How do you know when to take another job? I’ve been at my current workplace for two years. Everything is fine here, but I think I could push myself harder and learn more at another employer. Is it time to move on?
The decision about when to stay at or leave a job is a personal question, and the issue sounds like something that might appear in Proverbs (Prov. 26:4-5):
“Leave a job after two years,
lest you become stagnant in your career.
Stay in your job beyond two years,
lest you fail to develop deep skills.”
I doubt Solomon himself would have prescribed a single right answer. Deciding what to do requires wisdom. And wisdom is best applied in community. Consider asking people who know you and your specific situation to sift your heart and help you discern your next steps.
Consider Concrete Choices
To start, you always pick between concrete choices in life. You never choose between the job you have and “a job in the abstract”—the abstract employer won’t send you an abstract job offer. A decision to leave means leaving for a specific alternative—even if that alternative is unemployment and job searching.
Keeping that in mind can be helpful in two ways. First, it can keep you from dreaming about what greener fields might be out there. If you don’t have a job offer that is better, you don’t have greener fields to leave for. Second, the only way you can really answer the question about staying or leaving is by having concrete alternatives: if you are wondering if it’s time to move on, try applying for jobs.
If you are wondering if it’s time to move on, try applying for jobs.
See what options come your way and compare those—not the “idea” of a new job—with your current role. The opportunities that come (or that don’t) will help you see how God might be leading you. You may be able to push yourself harder or learn more at another job, but if doors don’t open, then maybe God wants you to find creative ways to push yourself harder and learn more at this one.
Seek Healthy Motivations
Next, ask yourself what emotions are motivating your desire to leave. Do you want to flee from a problem (like Jonah)? Have you lost hope (like Peter returning to fishing)?
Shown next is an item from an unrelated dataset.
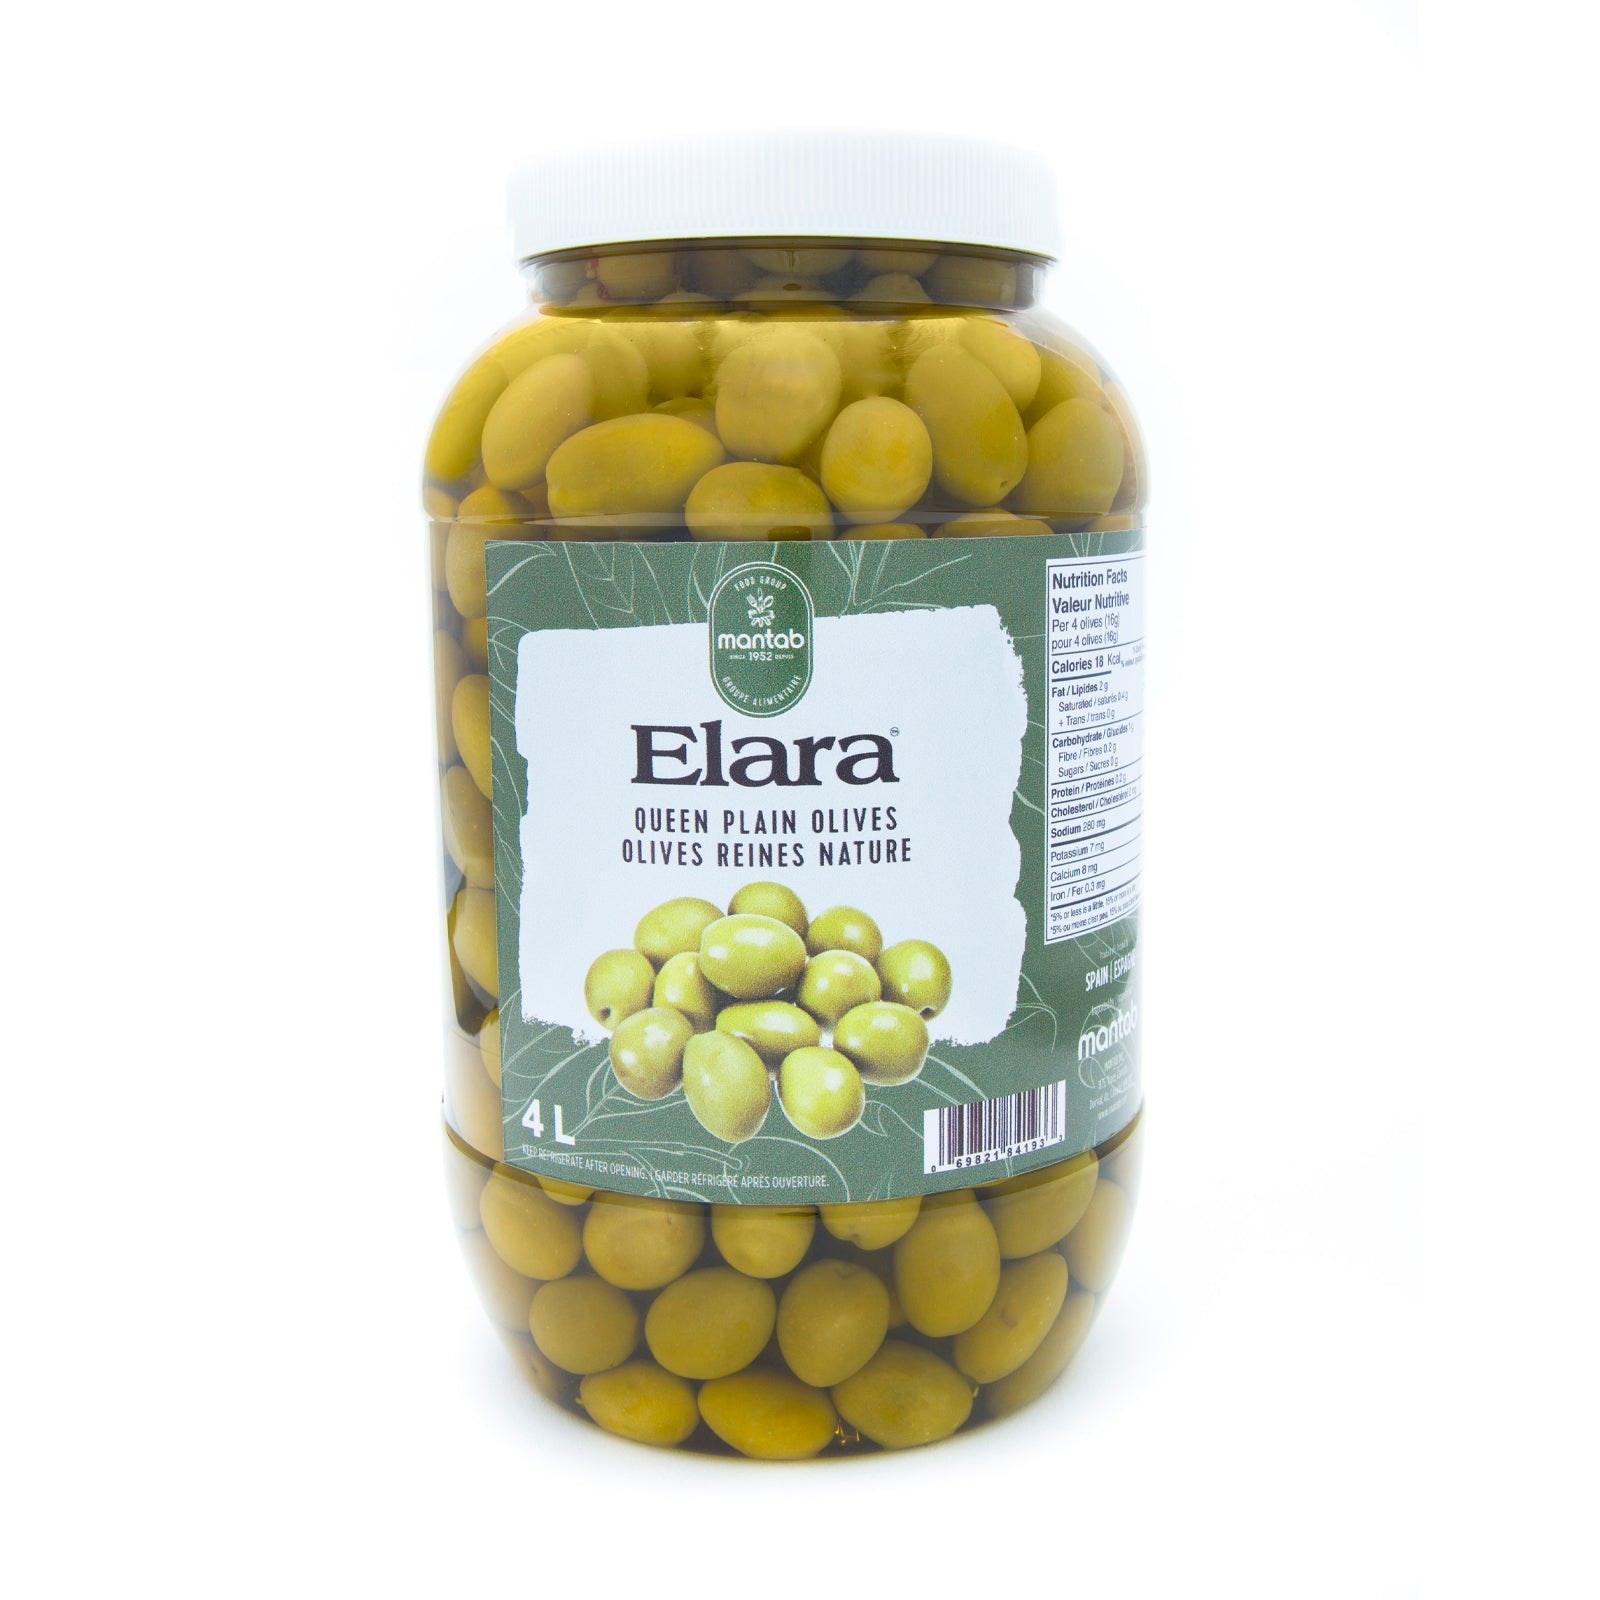 Elara Queen Plain Olives
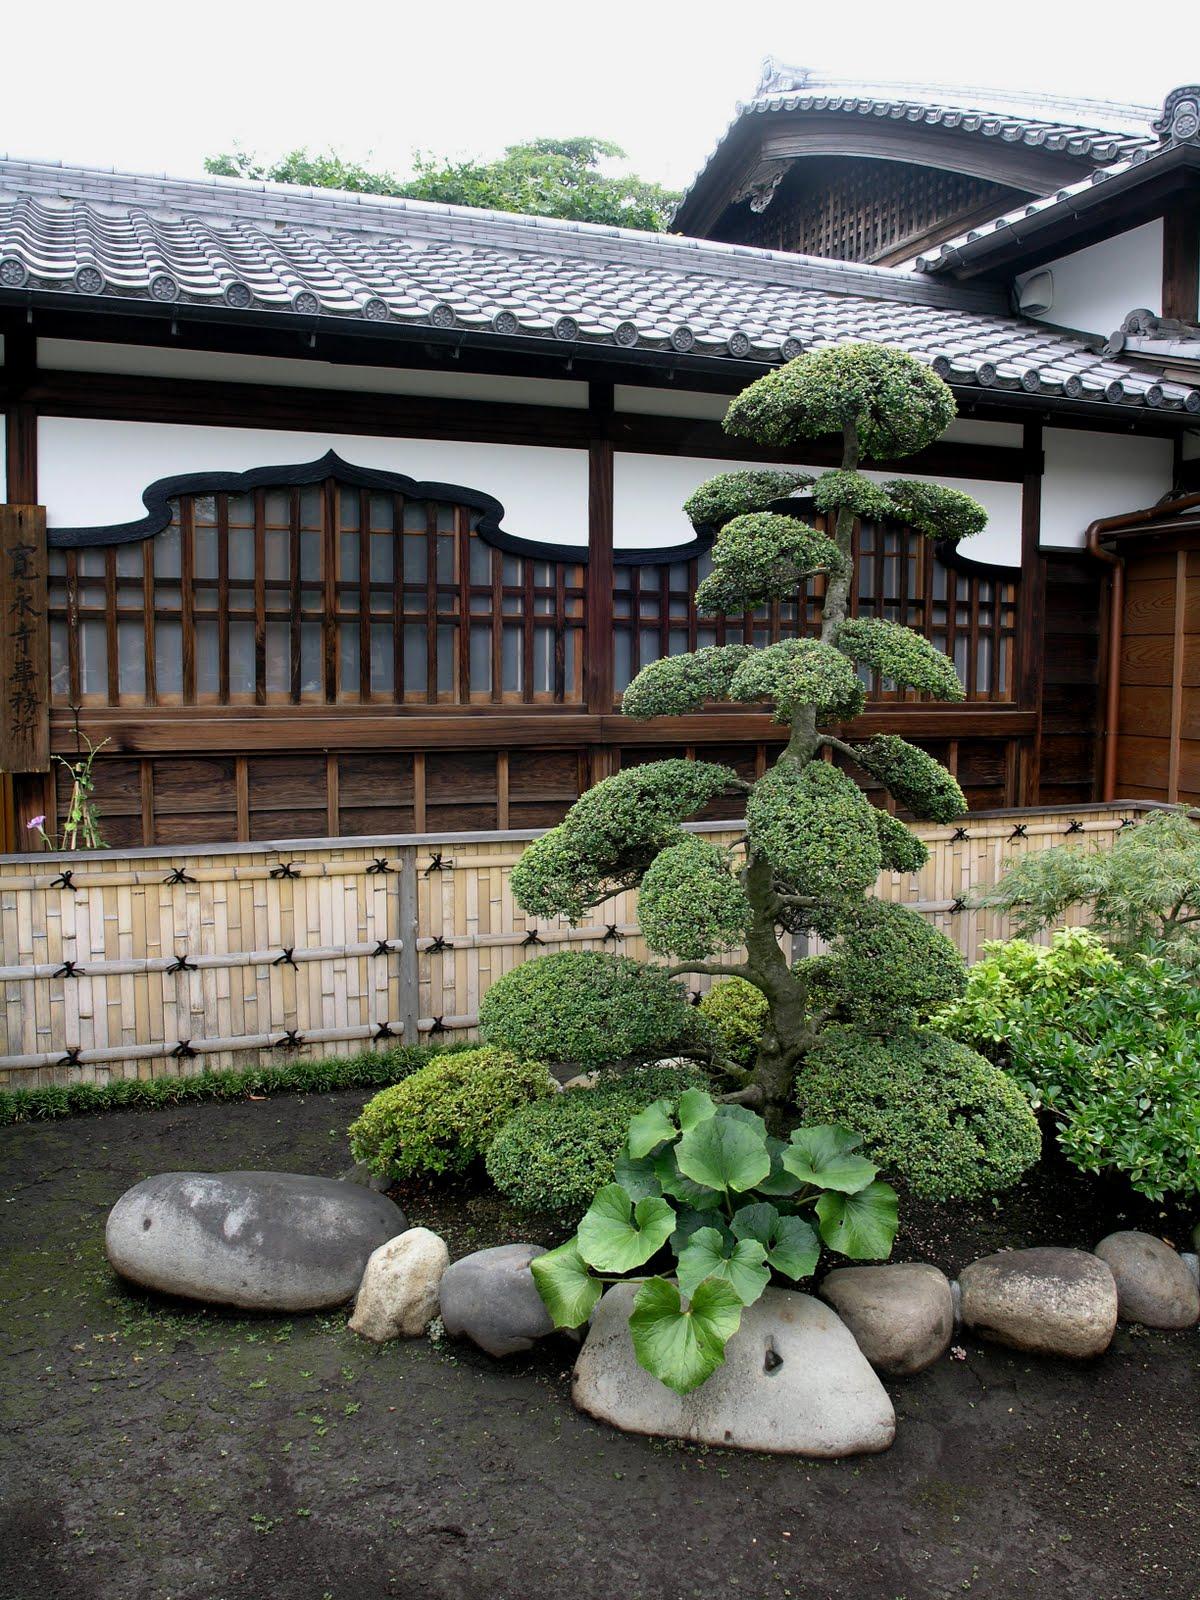 Planeta dunia mayo 2011 for Arboles para jardin japones

Or do you feel a call to something new?
A desire to leave from a position of weakness is not the same as a desire to leave from strength. There is likely a mixture of emotions; find wise counsel to help you draw out what deep waters are driving you (Prov. 20:5).
Await Right Timing
Practically, it’s helpful to think holistically and seasonally. How would changing jobs affect your community, your family, or your involvement in church? Is that a wise tradeoff, and is this the time in life to make that tradeoff?
Is it time in your life to try for the “dream job” you want to have when you’re 50, or do you need more preparation? Moses needed 40 years of shepherding as preparation for his calling. What skills are you building, and do you still need to build to go where you want?
A college grad should not try to be the CEO of a big company right away—and a fresh PhD shouldn’t try lead the Federal Reserve. Those are fine career aspirations, but plotting a path from where you are to where you want to be is not always a straight line—nor can you always see where God is going to open opportunities or draw your heart.
Aim for Godly Success
Finally, consider the gospel pattern embedded in your options. The world will tell you to accumulate influence and pursue your professional success, but you should ask yourself where the most kingdom fruit will come from.
Paul tells us in 1 Corinthians 15 that our labor is not in vain because of Christ’s resurrection: our work today will ultimately bear fruit because God brings life out of death. As counterintuitive—and countercultural—as it may seem, consider where dying to the world’s ideals and trusting God’s resurrection work might be the most faithful and fruitful option.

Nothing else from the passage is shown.